A Bloukrans Bridge não é uma ponte qualquer. Quem passa por ela, sentido a Plettemberg Bay, pode avistar à sua direita um visual incrível entre montanhas, e à esquerda, sem poder distinguir o que é céu e o que é mar, é possível avistar parte do oceano índico.

Vista de cima da Bloukrans Bridge

Passando sobre a ponte, é impossível imaginar o que acontece logo ali em baixo. Com 216 metros de altura, é considerada a maior ponte de Bungee Jump do mundo. E além disso, possui vários recordes.

Outras operações de Bungee Jump no mundo

Para ser sincera, não estava no meu planos parar ali e muitos menos realizar o salto, mas durante toda a viagem, fui encorajada por diversas pessoas, em diferentes momentos a saltar daquela ponte.

Como a curiosidade foi grande e às 18h a ponte já estava fechada, dormimos me Plettemberg Bay e no sábado pela manhã, fui ver a ponte de perto enquanto tomava o café da manhã no restaurante que há ao lado da ponte. Plett, é uma atração à parte, uma cidade litoranea, com cerca de 29mil habitantes, utilizada como base na Garden Route.

Fim de tarde em Plettemberg Bay

Chegando, não consegui fazer outra coisa se não admirar a arquitetura e as pessoas que tinham a coragem de se jogar dali. No mirante que estava, mal dava para ver os saltos, de tão pequena que a pessoa ficava comparada à grandiosidade da ponte, e claro, nem comi.

Como brasileiro tem em todo lugar, encontramos ali, um grupo de brasileiros que estavam no mesmo hostel em que ficamos, e em conversa, um deles me desafiou; e meio que sem querer, na mistura de brincadeira e impulso, resolvi saltar.

É necessário fazer um cadastro, preencher uma ficha, pagar e se pesar. Na mão eles anotam em pincel atômico seu peso e número de cadastro pra organizar os saltos.

Em seguida, fui para um outro posto, onde é colocado o primeiro equipamento de segurança e esperamos o grupo todo se reunir.
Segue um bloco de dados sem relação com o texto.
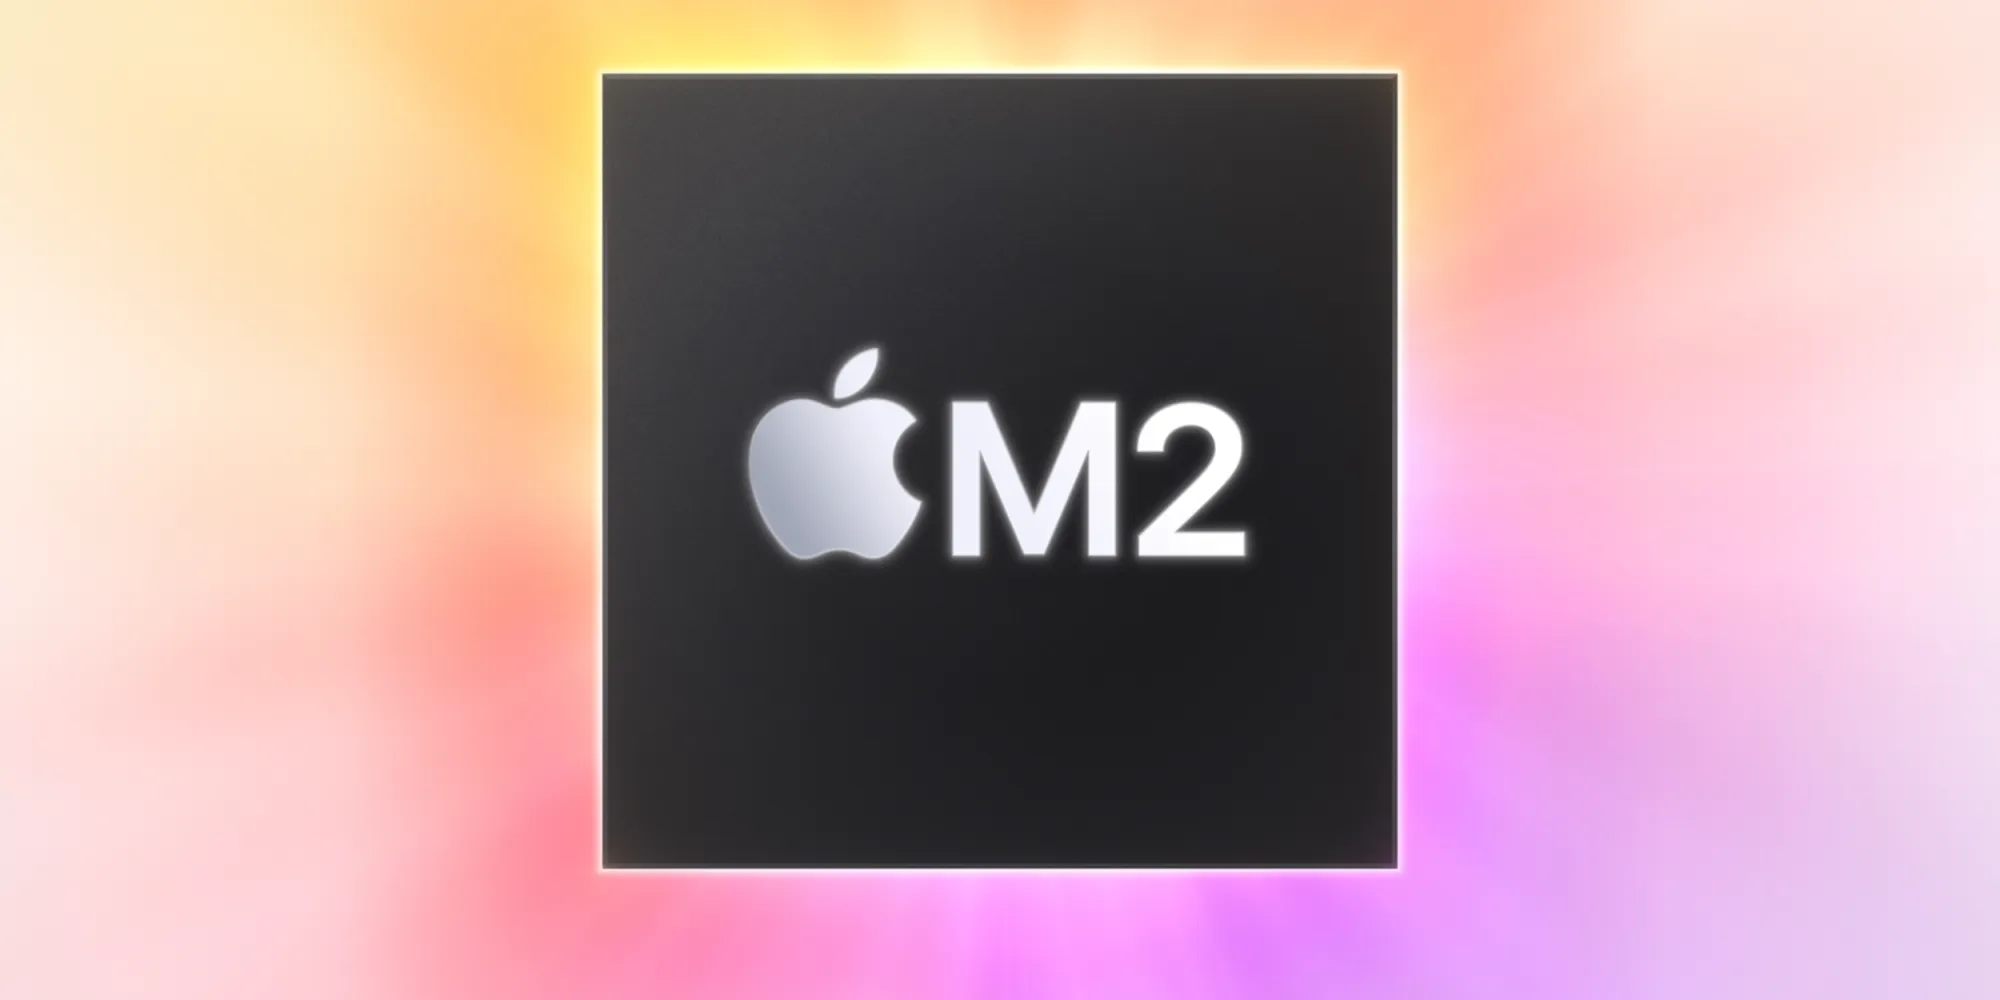 Apple chip M2 2022

Dali, seguimos em direção à ponte.

Equipados, antes de seguir para a ponte

Ao cruzar o portão e saber que não teria volta, meu coração disparou e o nervosismo já se iniciou. Descemos por uma trilha, e ao final dela o instrutor nos perguntou se alguém gostaria de desistir e explicou como seria nosso salto.

Seguimos então por uma passarela suspensa e estreita (há quem diga que teve mais medo de cruzar a passarela do que de saltar). Além de estreita, o material do chão era flexível e vazado, o que deixou o caminho bem tenso, apesar da linda vista dali.
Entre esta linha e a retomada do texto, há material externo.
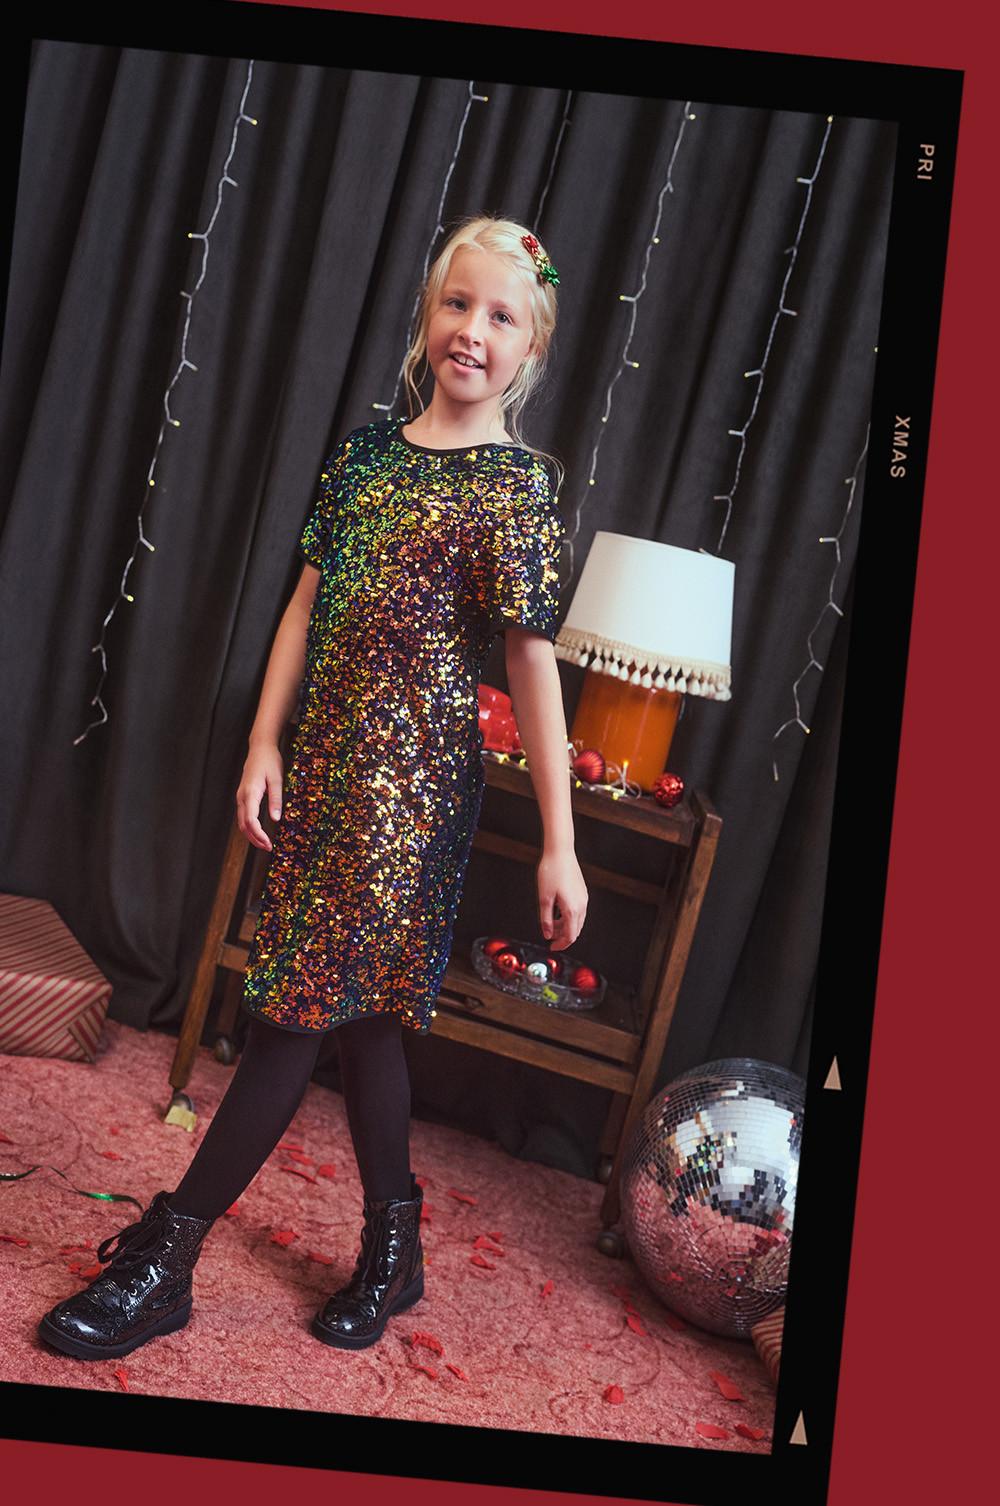 Child wears iridescent sequin dress

Ao chegar no meio da ponte, local que era realizado o salto, havia uma cabine com DJ e tocava um sol bem alto, pra ajudar a controlar a ansiedade.

Minhas mãos nunca suaram tanto na minha vida toda.Fui a terceira a saltar, e a primeira do grupo de brasileiros. Pensei mil vezes em desistir, mas me concentrava na música.

Fui chamada por um dos instrutores, que pediu que ficasse descalça e colocou em minhas canelas uma proteção, como uma caneleira. Pediu que sentasse do outro lado, e enquanto alguém saltava, amarrava minhas pernas.

Com as pernas amarradas, já não era possível caminhar. Ele me ajudou a ficar de pé e aos pulos e pequenos passos, com os braços apoiados nas costas dos dois instrutores, fui em direção à beira da ponte. Foi tudo muito rápido.

Uma sensação estranha de vontade de desistir e saber que mais nada poderia ser feito tomou conta de mim. A adrenalina estava a mil! Respirei fundo, dei um sorriso amarelo e um tchau para câmera (pensei que talvez essa seria a última imagem minha viva, então tentei parecer tranquila, rs). Quando coloquei os dedos dos pés rente à ponte, percebi o que estava de fato prestes a fazer.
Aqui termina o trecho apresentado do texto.